In the data below, begin at the line with "Крем-краска для окрашивания" and stop after the line with "朱斌漫画精选集07-P001-035vjpg12.jpg"; output those lines exactly and no pictures.

SOURCE INFORMATION.
>>
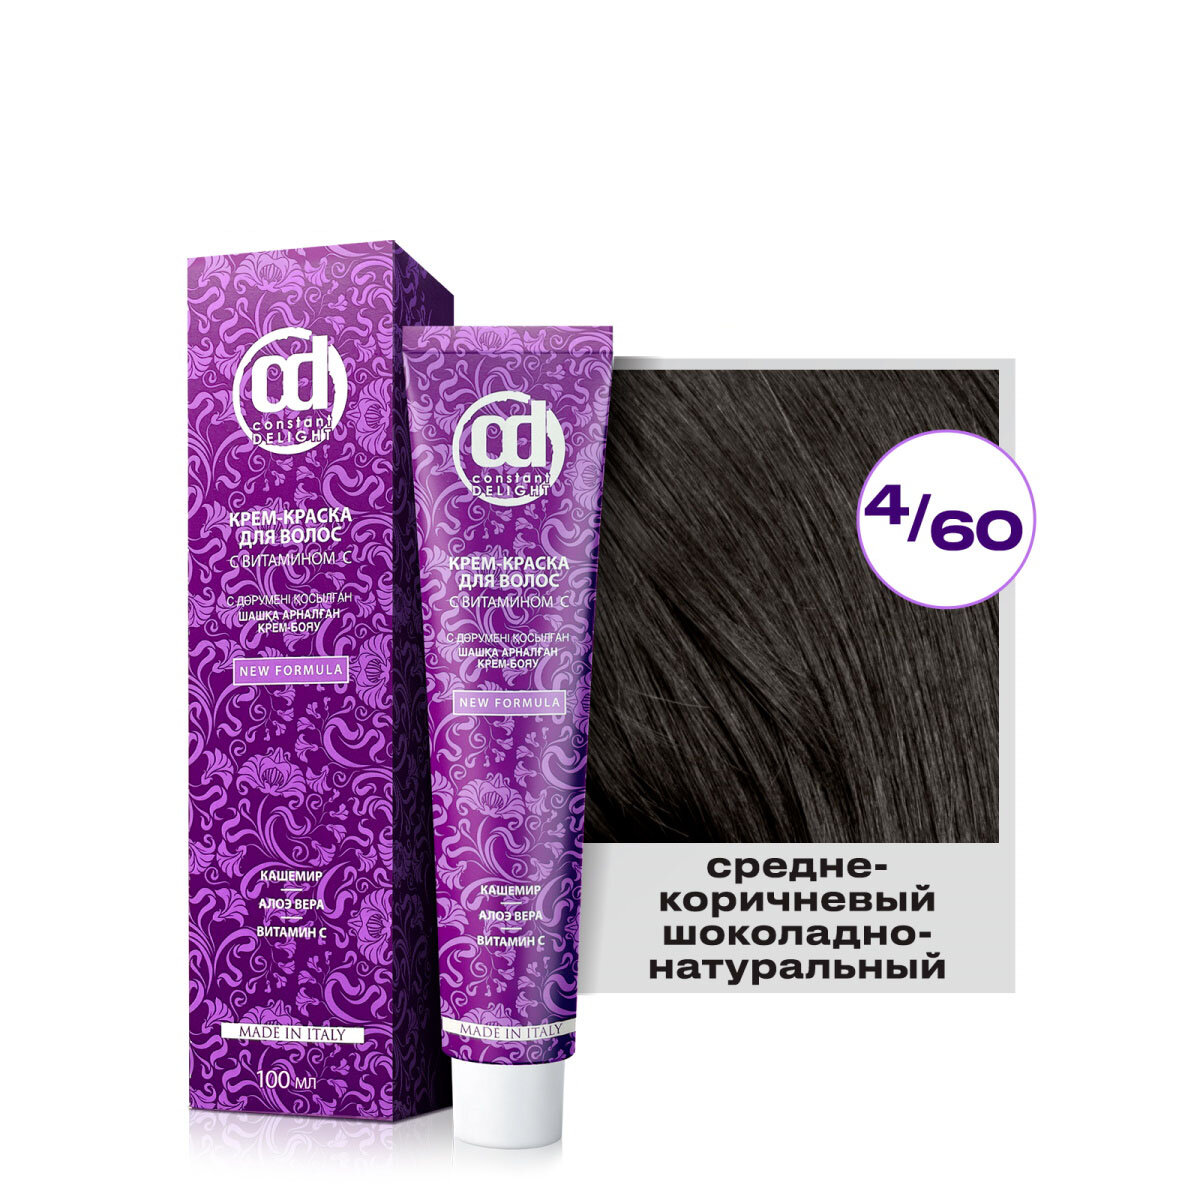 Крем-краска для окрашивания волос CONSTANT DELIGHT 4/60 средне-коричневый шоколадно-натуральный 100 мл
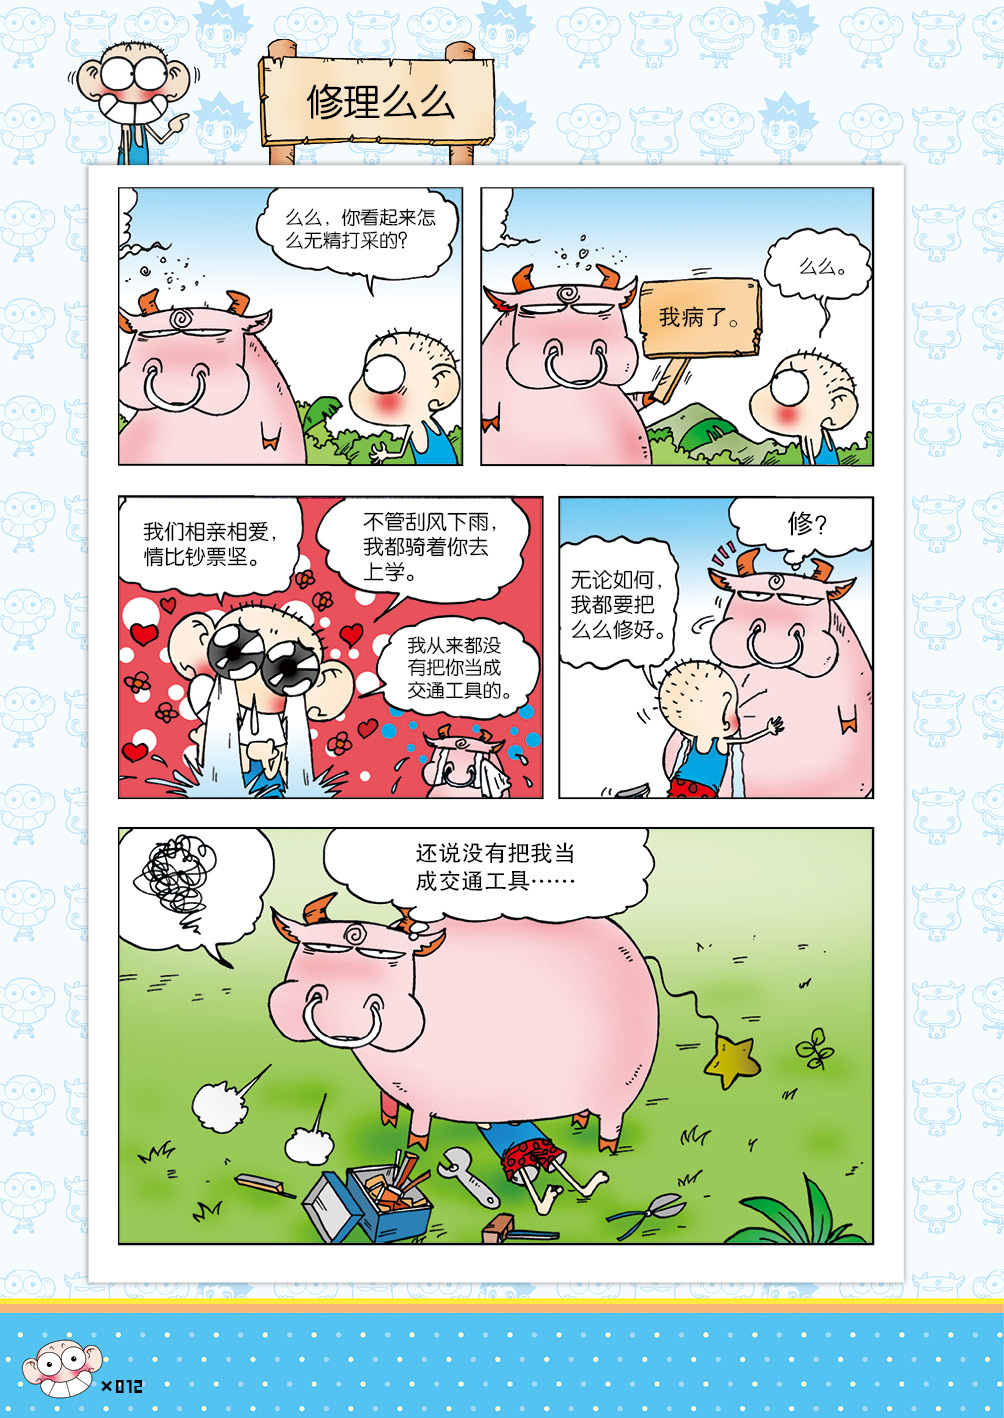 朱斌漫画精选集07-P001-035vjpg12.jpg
<<
>>
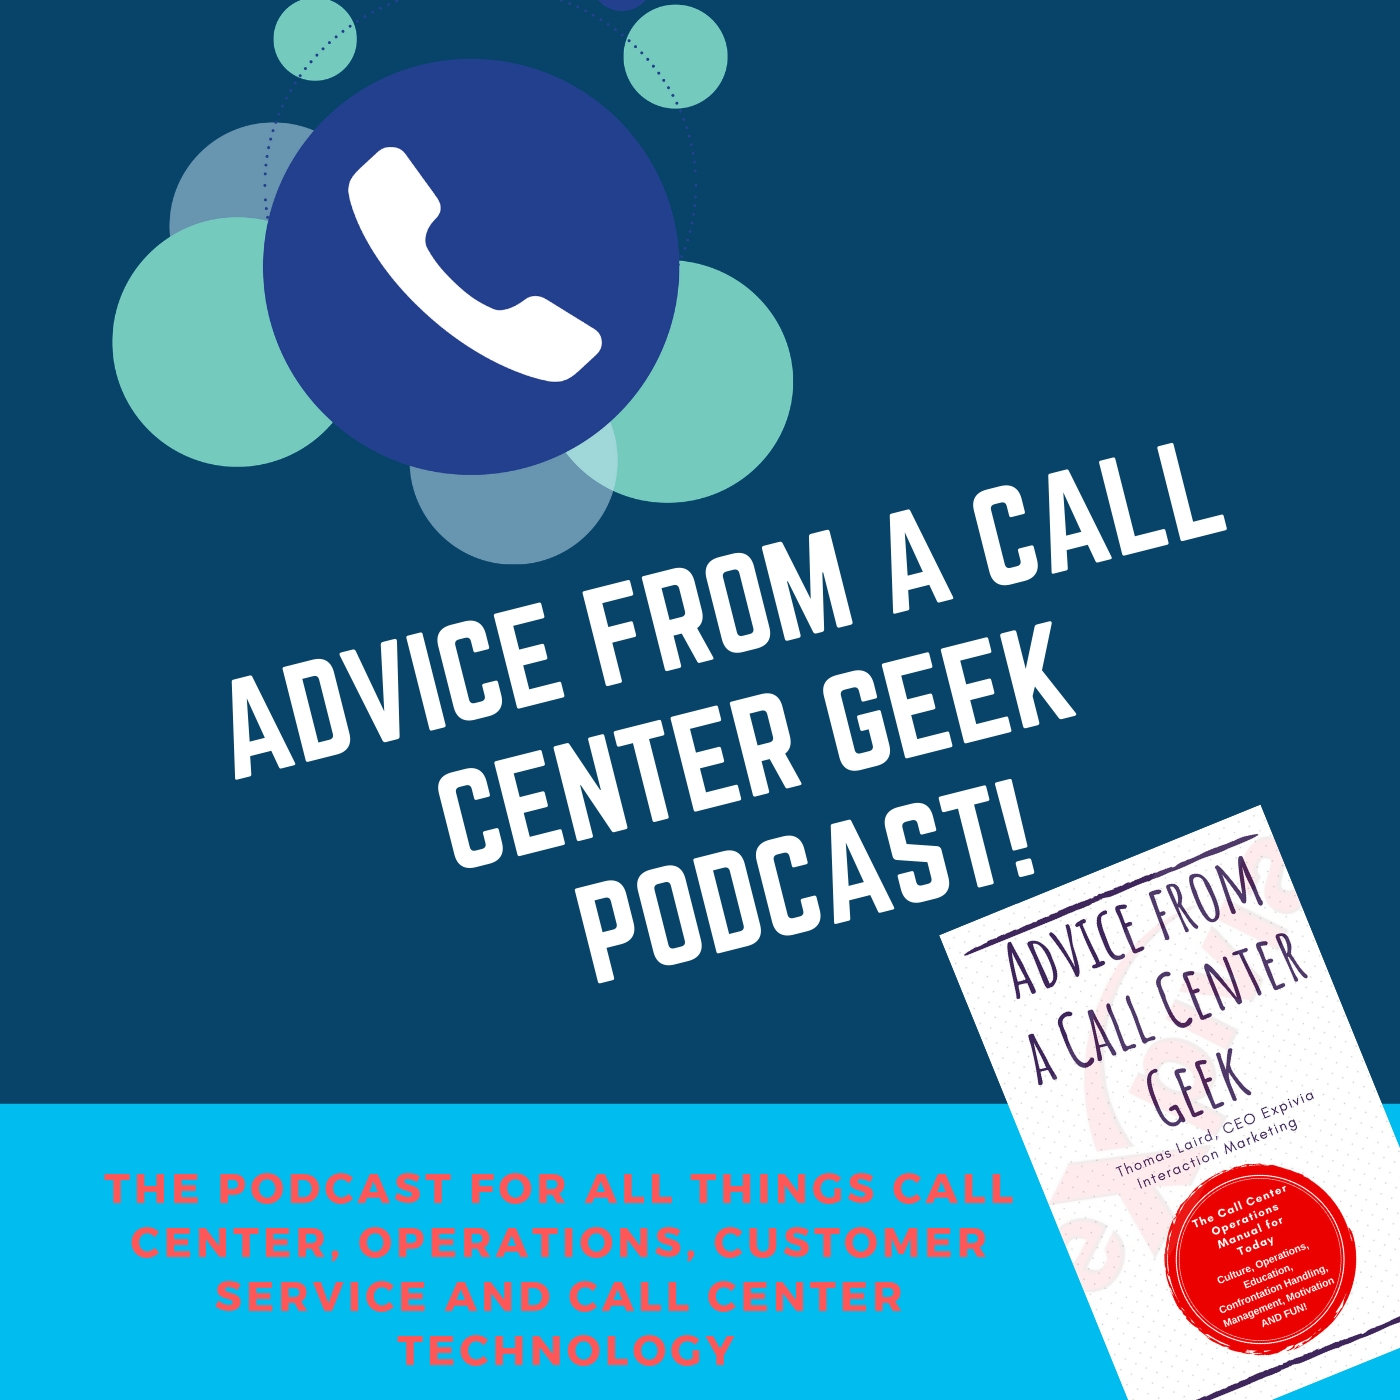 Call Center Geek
<<
EXPECTED ANSWER.
 Крем-краска для окрашивания волос CONSTANT DELIGHT 4/60 средне-коричневый шоколадно-натуральный 100 мл
 朱斌漫画精选集07-P001-035vjpg12.jpg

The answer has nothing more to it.